By Ted Hesson
WASHINGTON (Reuters) -The U.S. will grant temporary deportation relief and access to work permits to nearly half a million Venezuelans already in the country, U.S. officials said on Wednesday, a move that follows calls by Democrats to help newly arrived migrants work legally.
About 472,000 Venezuelans in the U.S. on or before July 31 now will be eligible for Temporary Protected Status (TPS) for a period of 18 months. Some 243,000 Venezuelans already have the status stemming from a 2021 designation that was renewed last year.
President Joe Biden, a Democrat seeking reelection in 2024, has faced record illegal border crossings, fueled by a sharp rise in recent years of migrants fleeing economic and political turmoil in Venezuela.
Fellow Democrats, most prominently New York City Mayor Eric Adams, have called on Biden to expand work access for newly arrived migrants who have strained local and state resources.
The U.S. Department of Homeland Security (DHS) said the expansion of protected status for Venezuelans was warranted due to “Venezuela’s increased instability and lack of safety.”
Frosty diplomatic relations between the U.S. and Venezuela make it difficult for the U.S. to deport Venezuelans to their home country.

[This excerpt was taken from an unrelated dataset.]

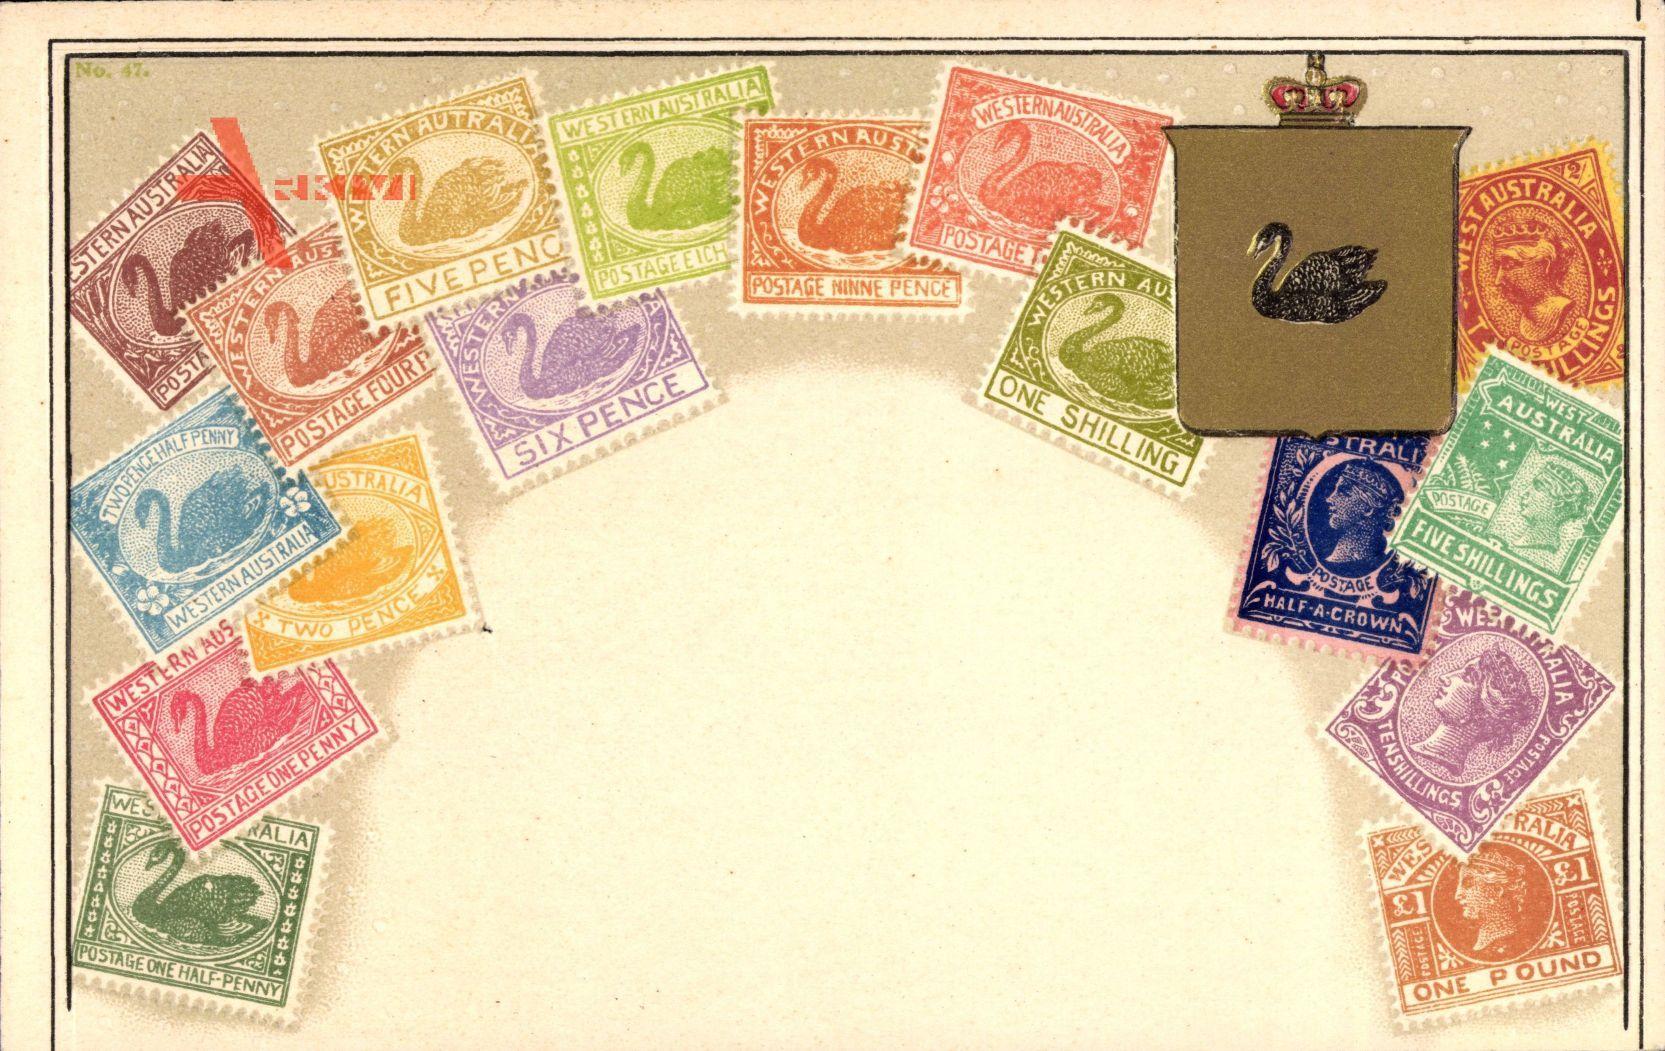 Briefmarken Western Australia, Australien, Six Pence

But a U.S. agreement with Mexico has allowed thousands of non-Mexicans – including Venezuelans – to be deported to Mexico in recent months.
Venezuela’s foreign ministry did not immediately respond to a request for comment.
The number of migrants crossing the U.S.-Mexico border illegally dropped in May after the Biden administration rolled out stricter asylum rules, but crossings have rebounded in recent months.
To help free up Border Patrol agents, the Pentagon will send 800 additional active-duty troops to the border on top of 2,500 National Guard troops already deployed, the White House said.
In addition, the Biden administration will expand nationwide a program launched in May to rapidly process migrant families seeking asylum and potentially deport them.
DHS said it would increase the time that work permits are valid for certain immigrants, including asylum-seekers, to five years, to allow the government to focus on processing new applications.